Ратибор прижал к груди руку. Опустился на колено.
– Хочу.
Вынул меч из ножен, поцеловал. Задрожали на стали алые огоньки.
– Буду.
Птичьим праздником народ окрестил то, что Гнева устроила. Каждый год с тех пор в этот день приходили на торг, выкупа́ли птиц, кто сколько мог. А в тот, в первый год на пиру вечером Гнева сама проследила, чтоб ни лебедя, ни курицы не подали на блюдах.
Сидели гости честны́е за столами – князья, бояре, пёстрые люди, дружина, вернувшаяся с полюдья, купцы да умельцы, – а царь стоял во главе, глядя на сыновей. Держал в руке кубок – уж и люди смолкли, и дудки стихли, а он всё слова вымолвить не мог.
Молча сидел бледный Ратибор по левую руку от царских мест. Глядел в кубок Иван по правую, пощипывал на коленях гусли. Не мог царь знать, о чём сыновья думают; за свои-то думы ручаться не мог…
За столом уж зашептались, посматривая на царя: чего молчит?
И вправду, сколько тянуть можно. Довольно народ томить. И Ратибора.

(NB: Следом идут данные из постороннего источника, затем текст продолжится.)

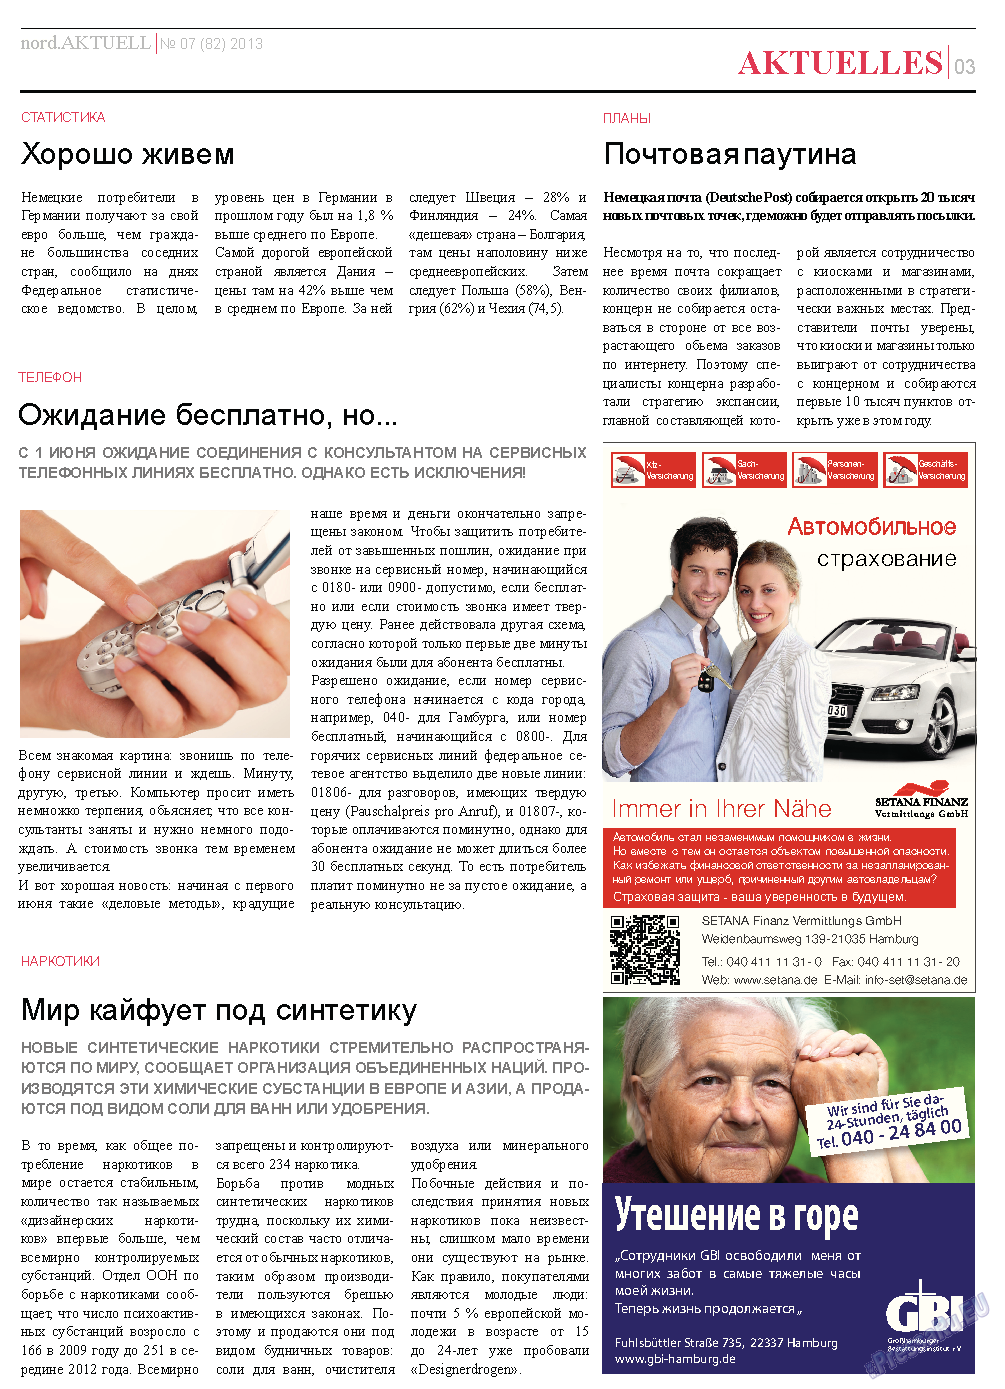 nord.Aktuell (газета). 2013 год, номер 7, стр. 3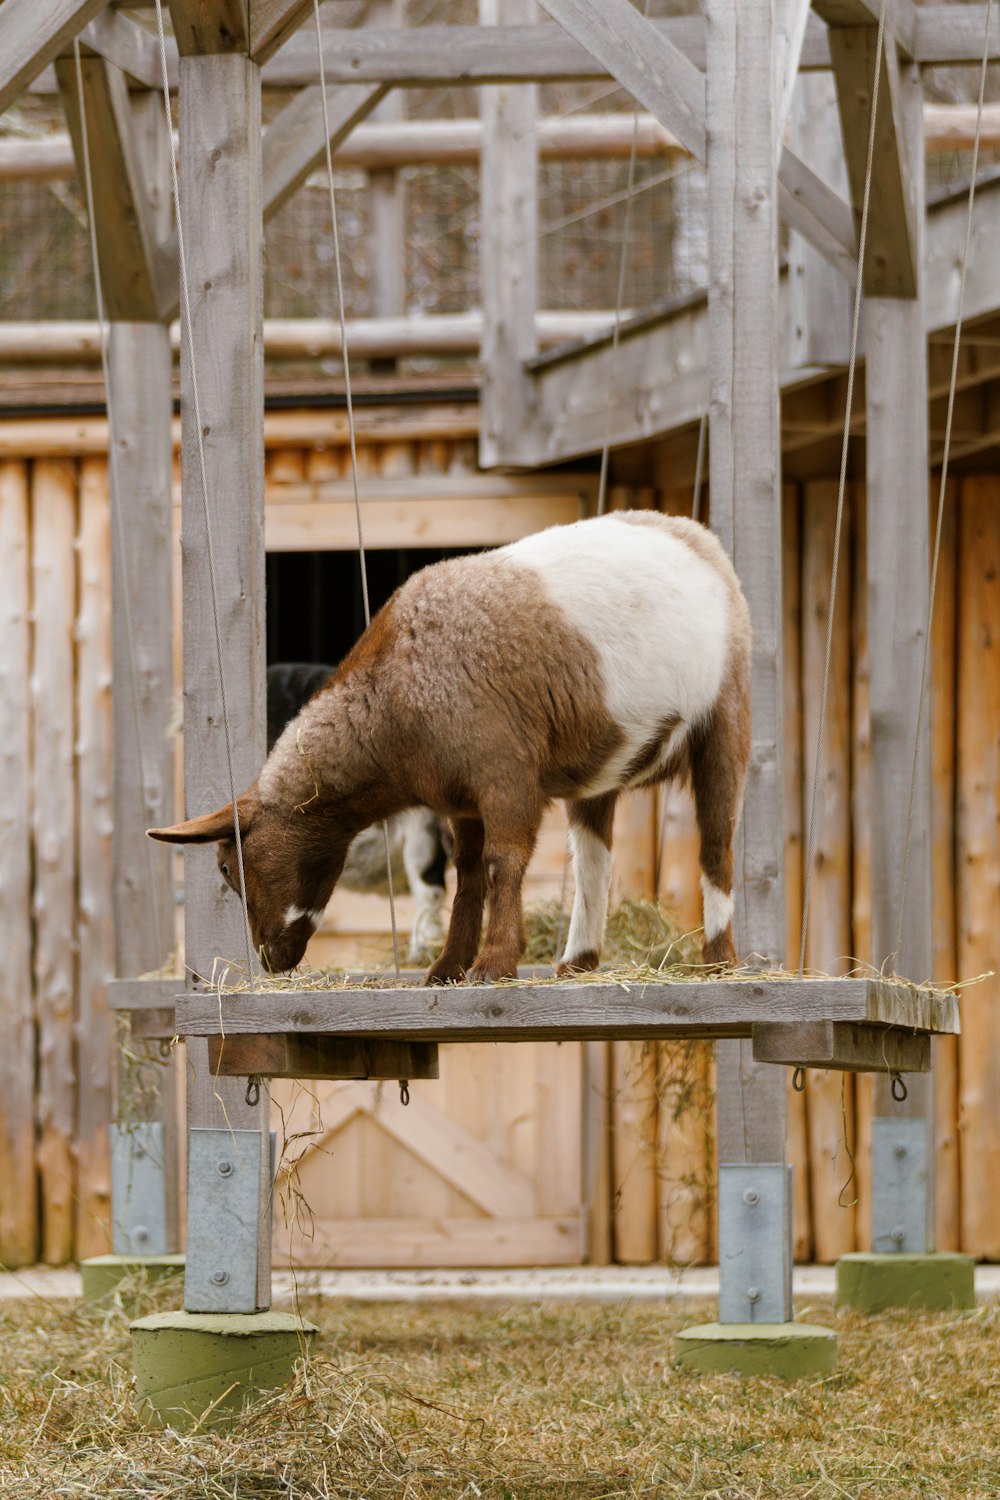 a goat eating hay on a wooden platform

Посмотрел царь на Гневу – бледна была, устала, но улыбнулась ласково, незаметно кивнула.
Сжал царь посох и начал:
– Люд честной! Гости заморские, князья, бояре, дружина моя верная! – Обвёл взглядом пир, вдохнул, продолжил зычно: – Государыня наша, Гнева Мстиславовна, нынче давний обет исполнила. Светлый день вышел, каких давно у нас в царстве не было. И я ныне обещание хочу дать. Волю свою молвить.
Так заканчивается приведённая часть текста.